Here we have some nested structures, in some cases nesting pointer to the internal structure and in others embedding the structure itself.

One issue besides alignment and dereferencing is how memory is allocated. If I do not use pointers, and use pure nested structures, then when the instance of the structure is allocated, the entire nested tree is allocated in one step (and must also be freed in one step). However, if I use pointers, then I have to allocate and free the inner members separately, which means more lines of code but potentially more flexibility because I can, for example, leave members null if the record has no value for that field.

Which approach is preferable?

Depends on what you are trying to do. You have correctly analyzed the major pros and cons already. Both ways are valid. There is no single right answer to this question without a specific problem in mind. — Mad Physicist, Oct 16 '14 at 21:37

Matheus Moreira · Answer 1 · 2014-10-16T22:00:40.300

Nesting structures ensures their spatial locality, since the entire object is actually just a big block of memory even though it is made up of several structures; in memory, the tree is flattened and all members are stored contiguously. This might result in better use of fast memory such as processor caches. If you nest pointers to other structures, this level of indirection might mean the nested data is stored in a far away location, which might prevent such optimizations; by dereferencing the pointer the data would have to be fetched from main memory. Directly nesting data also simplifies access of structure members for purposes such as serialization and transmission.

It also has other implications, such as the impact on the size of your structure and the effects of passing its objects around by value.
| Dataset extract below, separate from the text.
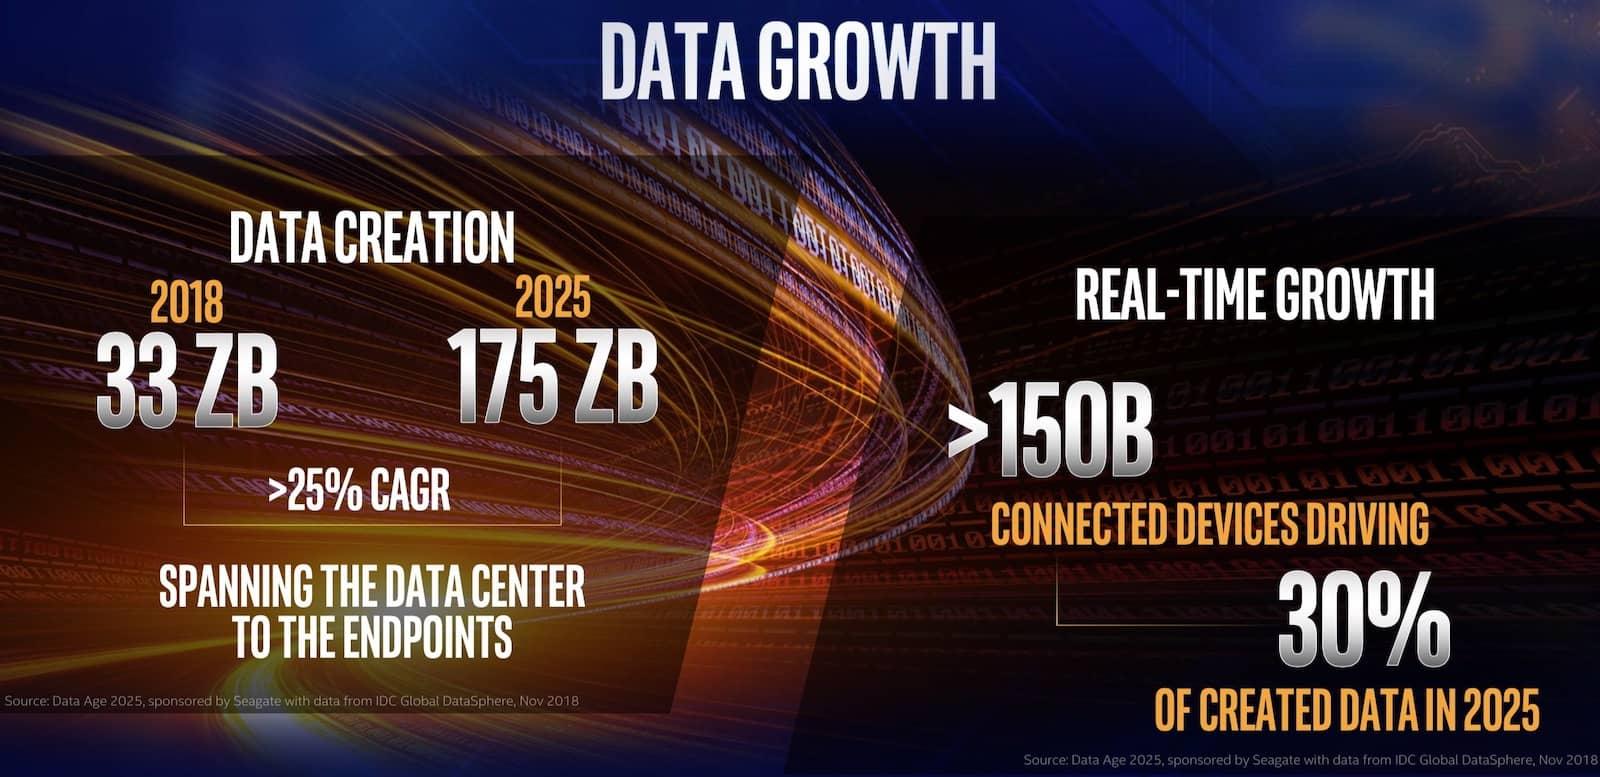 data-growth.jpg

If you directly nest structures, the sizeof your structure will likely be much bigger than if you had nested pointers. Bigger structures have a larger memory footprint, which can grow noticeably if copies are being made all the time. If the objects are not opaque, they can be allocated on the stack and quickly overflow it. The larger the struct, the more fitting they are for dynamic allocation and indirect access through pointers. I speculate that copying around big amounts of data also carries a cost in speed, but I'm not sure.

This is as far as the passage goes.